Feature focus: Demoting errors and Transaction snapshots
Building a product is hard. Perhaps the biggest challenge in building a product is to think through all the different permutations in which a user would interact with the app. To be able to anticipate the expectation of the user and fulfill it, is what separates great products from good ones. Here are a couple feature highlights which we have baked into Plumbr, based on where we anticipated our users would step off the happy path.
Feature #1: Demoting errors
The vision of Plumbr is to make software more reliable for users. We achieve this is by monitoring application usage, detecting failures, communicating it back to engineering teams, and acknowledging when errors have been fixed. Plumbr observes traffic, and flags errors by checking response codes.
A binary classifier typically has four outcomes – a hit, a miss, a false alarm, and rejection. For Plumbr, this manifests as either errors or success. Ambiguity arises because of the possibility of denoting errors just on the basis of response codes. Owing to engineering decisions, there could be some transactions classified as errors, when they are actually not. The reason – custom response codes. There are cases when a user interaction in an application that we monitor is not handled correctly technically, but it’s still considered a success from the end user’s point of view
Typically, web applications are built following the IANA standard for response codes. Plumbr too is built upon this premise. However, many business applications use custom codes or interpret IANA response codes with variation. to denote certain events. These are flagged by Plumbr as errors, because they don’t conform to the IANA standard of success codes.
Plumbr’s users have the option to flag these false positives, upon their conviction that these don’t impact the end-user’s experience (assuming an error detection is a positive outcome). This way, these errors are prevented from appearing in the list of errors captured, and also aren’t aggregated in the dashboards. In the product we call this Demoting errors.
For purposes of reporting, classification, and separation of concerns, we’ve seen this feature being used. One specific case reported back to us was that one team was responsible for a web-service, and another for authentication. They wanted to suppress all the errors thrown by the authentication service from appearing on their dashboards. They simply demoted the error, and they had a much clearer picture from their Plumbr dashboard.
Feature #2: Transaction snapshots
One of the major benefits provided by Plumbr is the capturing of call traces that run many levels deep. Periodically, Plumbr also captures thread dumps. By combining these, Plumbr has all the information required to ascertain the cause of failures and bottlenecks.
On occassion, interfacing with legacy applications could cause of performance bottlenecks. These codebases usually integrate using old remote method invocation mechanisms. This could result in Plumbr not having sufficient contextual information to provide sophisticated support as other methods. This constraint can be overcome by employing a fallback mechanism known as Transaction snapshots.
Plumbr periodically captures thread dumps from the environment that is executing the transaction. These snapshots are spawned at increasing intervals, and are purged if the transaction neither fails not is slow or stuck. Plumbr adds value by assimilating the call stacks from the thread dumps into a tree-structure.
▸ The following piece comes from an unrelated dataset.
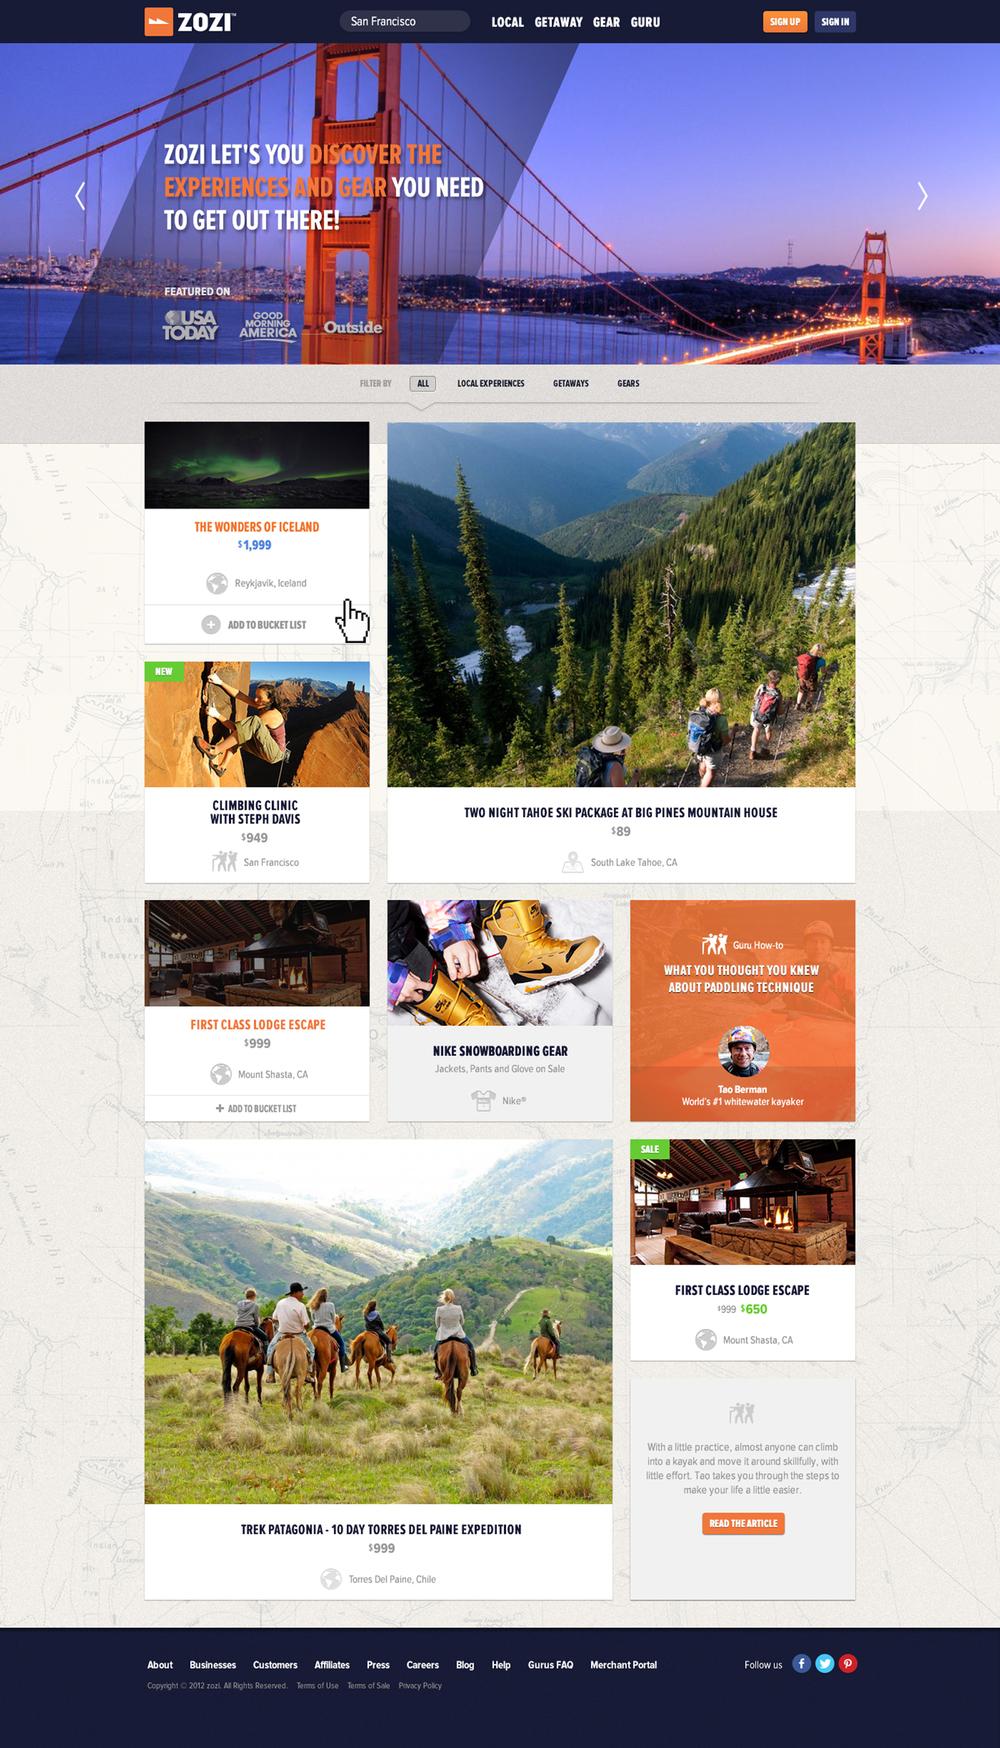 Zoz-homepage-jt1.jpg
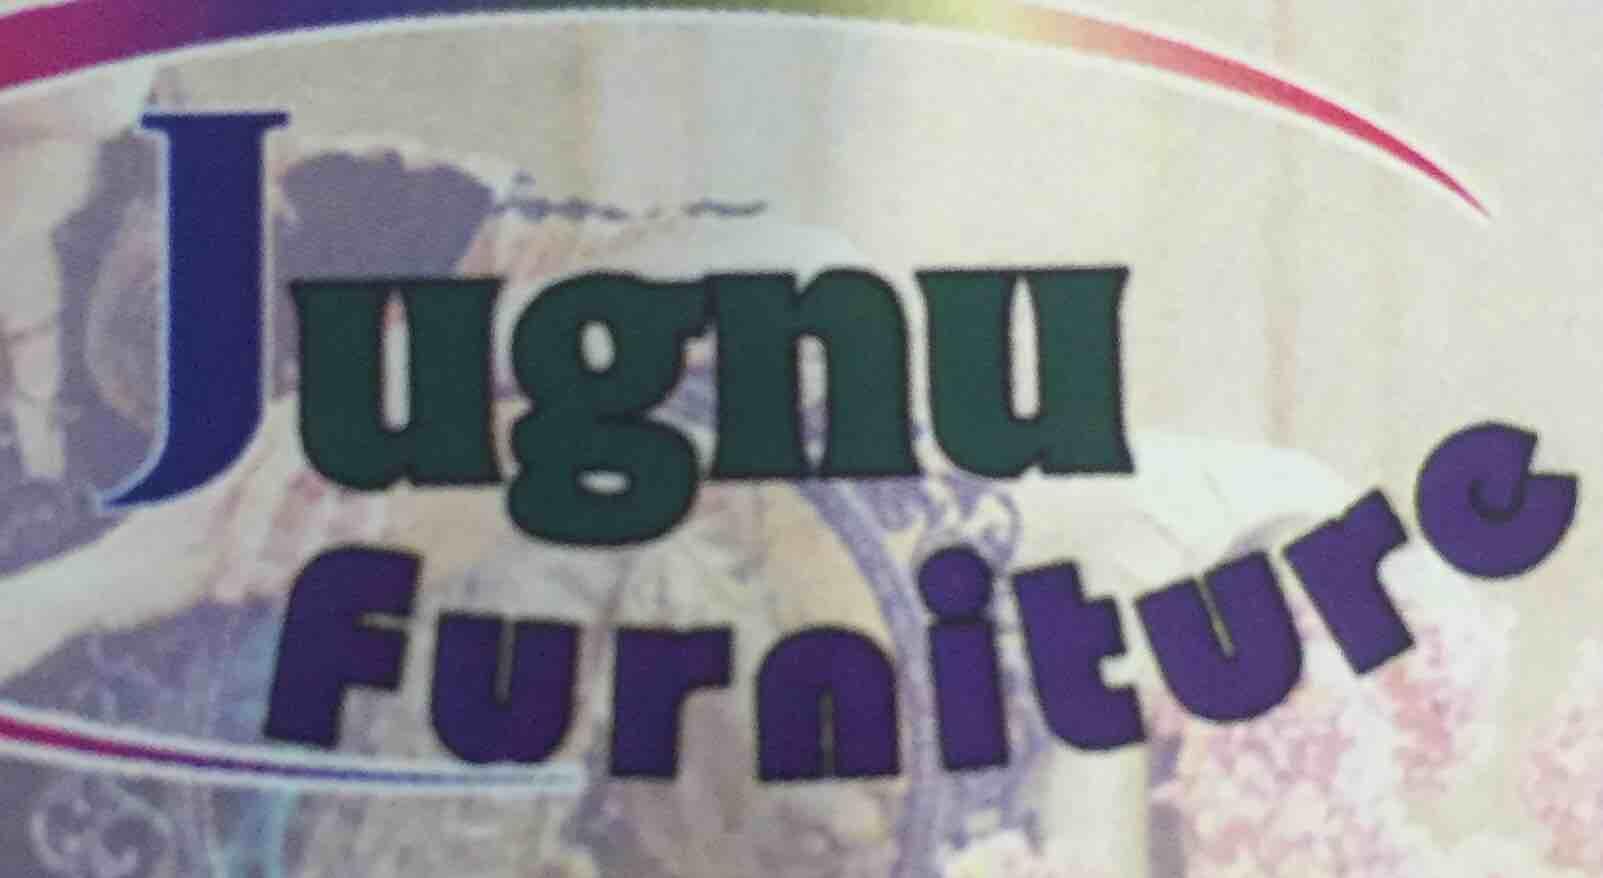 JUGNU FURNITURE

The branches are ordered by frequency of occurrence.
This way, there is enough information available for engineers to begin fixing issues. A screenshot follows, which shows the same kind of contextual information like other bottlenecks.
There is further investigation we’re doing about how we can improve classification. We’re also planning on integrating deeply with many more tech stacks like Node.js, php, Django, .NET and others. Watch out for these and many more configuration options in future releases.